It will not have gone unnoticed—indeed, it was mentioned in the debate on the programme motion—that there is limited opportunity to scrutinise, debate and ensure that the new clauses enable us properly to respect the crucial issues of freedom of speech and conscience. Nor will it go unnoticed, including in the other place, that Labour Members lack a free vote, ironically denying them the freedom of expression regarding their consciences that is at the heart of the new clauses for which I, and many other hon. Members, seek the support of the House.
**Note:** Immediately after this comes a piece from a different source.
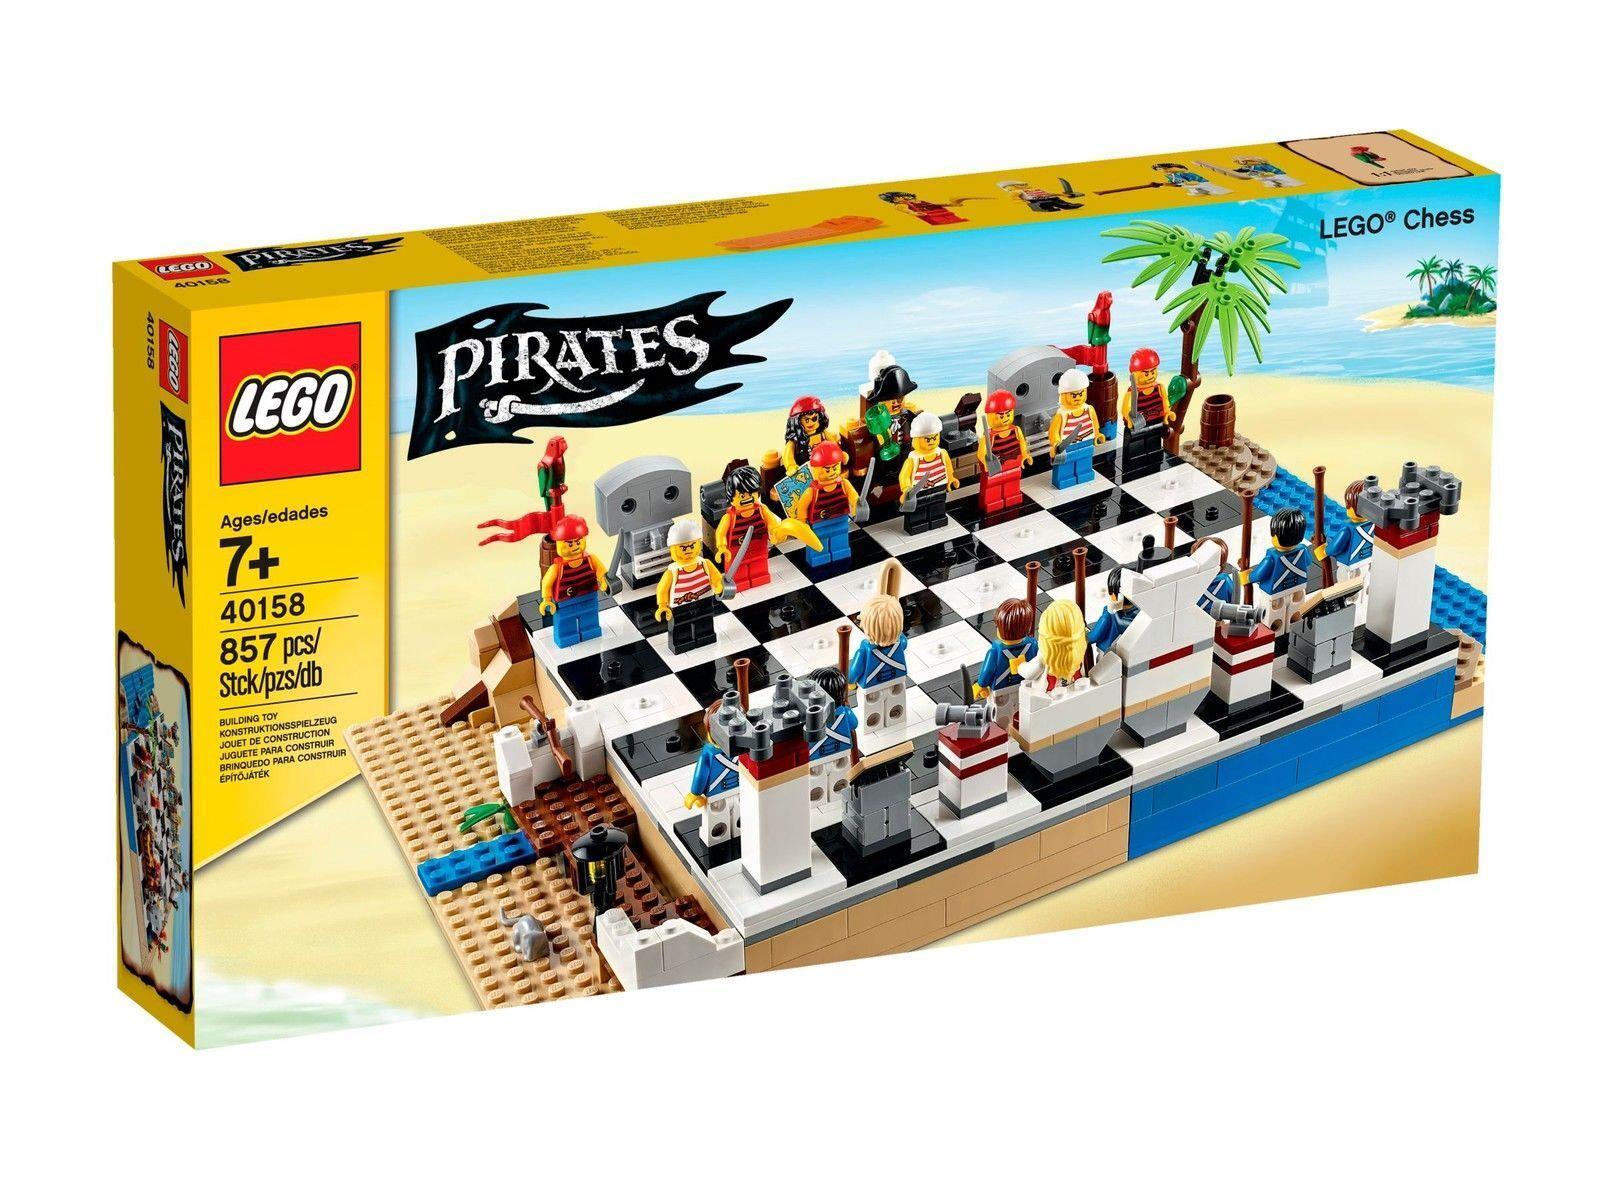 Lego 40158 40158 40158 Pirates Chess Set Pirates vs blueecoats 20 minifigures NEW sealed 9ac540

New clause 1 goes to the heart of one of the many serious issues regarding the Bill’s implications for freedom of speech in schools. The law requires that schools and teachers must not only relay the legal facts on marriage but promote legal understanding of it. John Bowers QC, one of the leading counsel who have given this opinion, has said that the Bill would create a duty to promote and endorse the new definition of marriage.
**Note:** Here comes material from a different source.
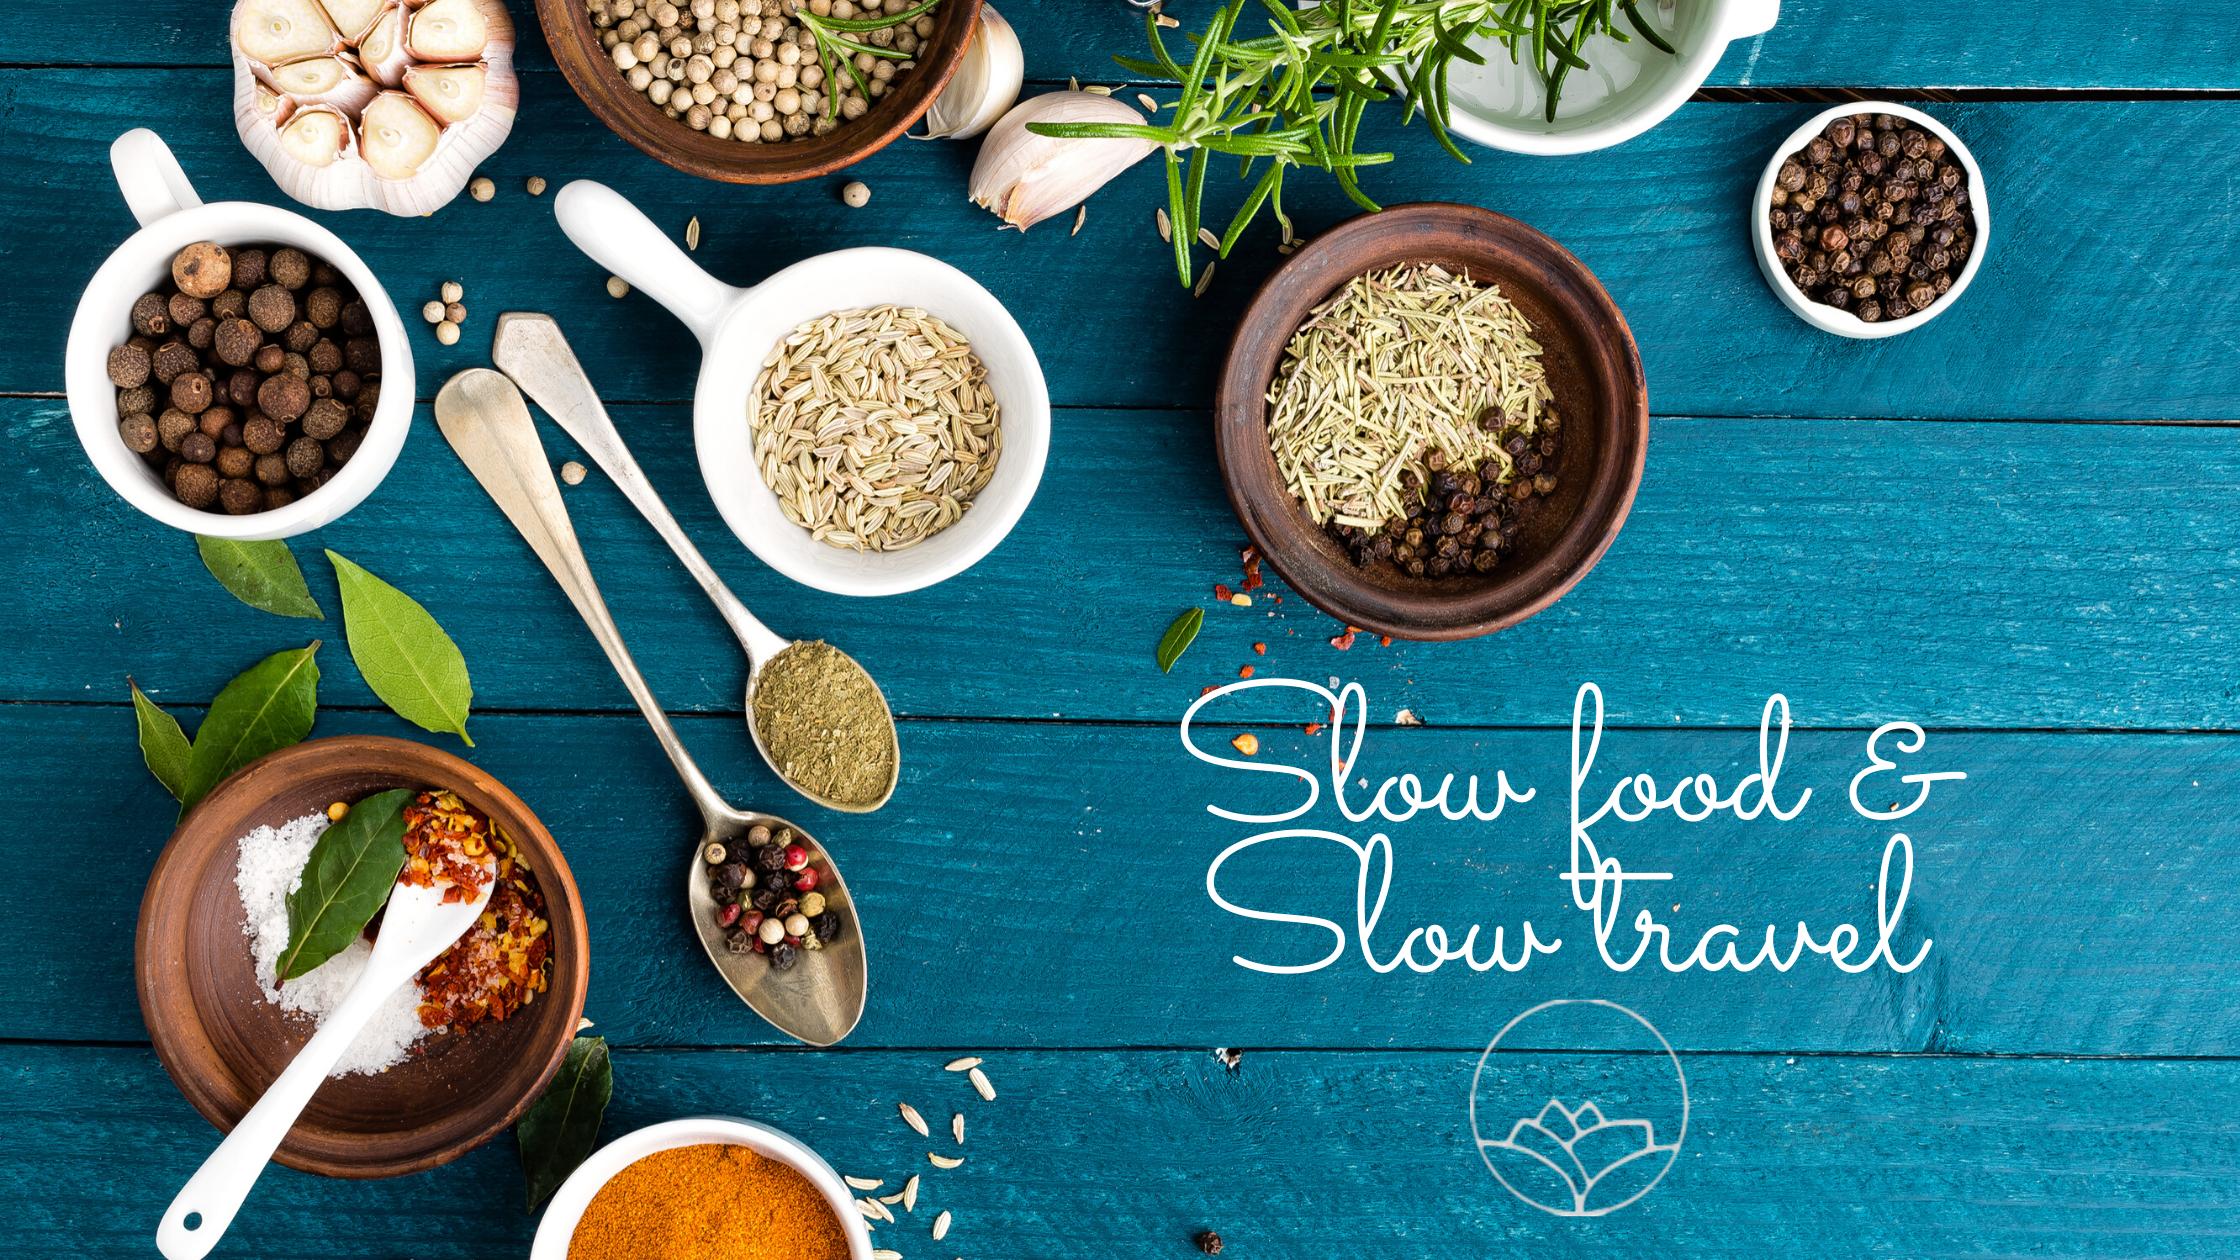 Slow food & Slow travel

I do not propose to speak for long about these new clauses, or other amendments, because I have had my say, particularly in the Bill Committee, and this debate is an opportunity for other Members to have their say. However, I must point out that this issue is different from divorce or abortion, for example, in relation to the guidance provided to teachers. Teachers are required to teach about marriage and, as the guidance says,

“its importance for family life and the bringing up of children”

in a way that they are not required to teach about abortion or divorce. This issue already matters to teachers. According to a recent poll, 40,000 teachers are not happy to promote or endorse a different understanding of marriage and would risk their employment if they were required to do so. New clause 1 focuses particularly on seeking to ensure that Church schools are not obliged to promote or endorse same-sex marriage, which would be contrary to the religious ethos of their school.
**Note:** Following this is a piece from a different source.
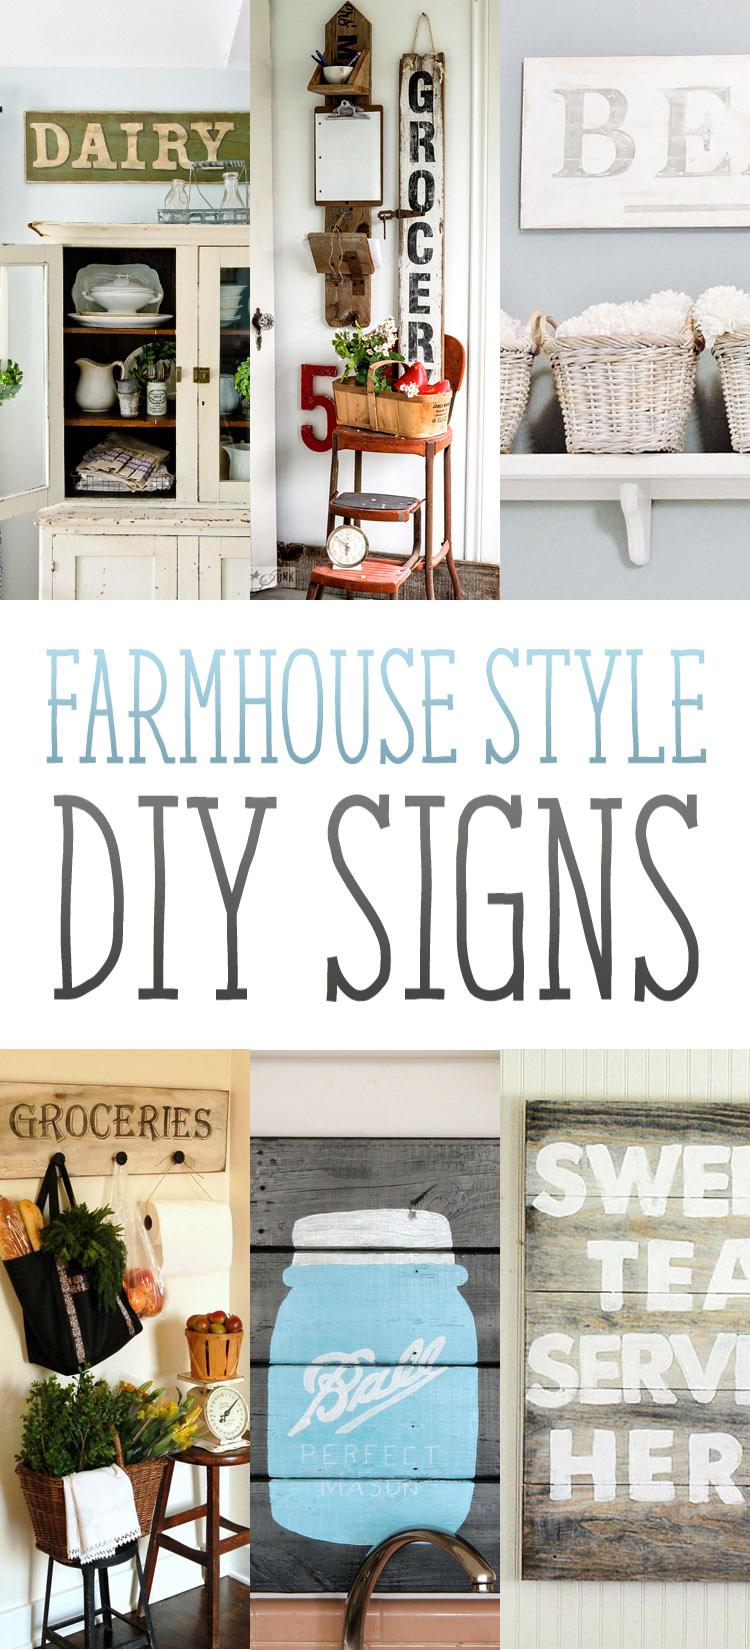 Vintage Kitchen Signs Design

New clauses 2 and 3 address similar concerns in relation to registrars. No registrar should be compelled to act against their conscience or be sacked because of their views on marriage, which are held not only by a majority of the parliamentary Conservative party but by millions of others in this country. It is important to ensure that the state should not marginalise those citizens.

George Howarth Portrait Mr George Howarth (Knowsley) (Lab)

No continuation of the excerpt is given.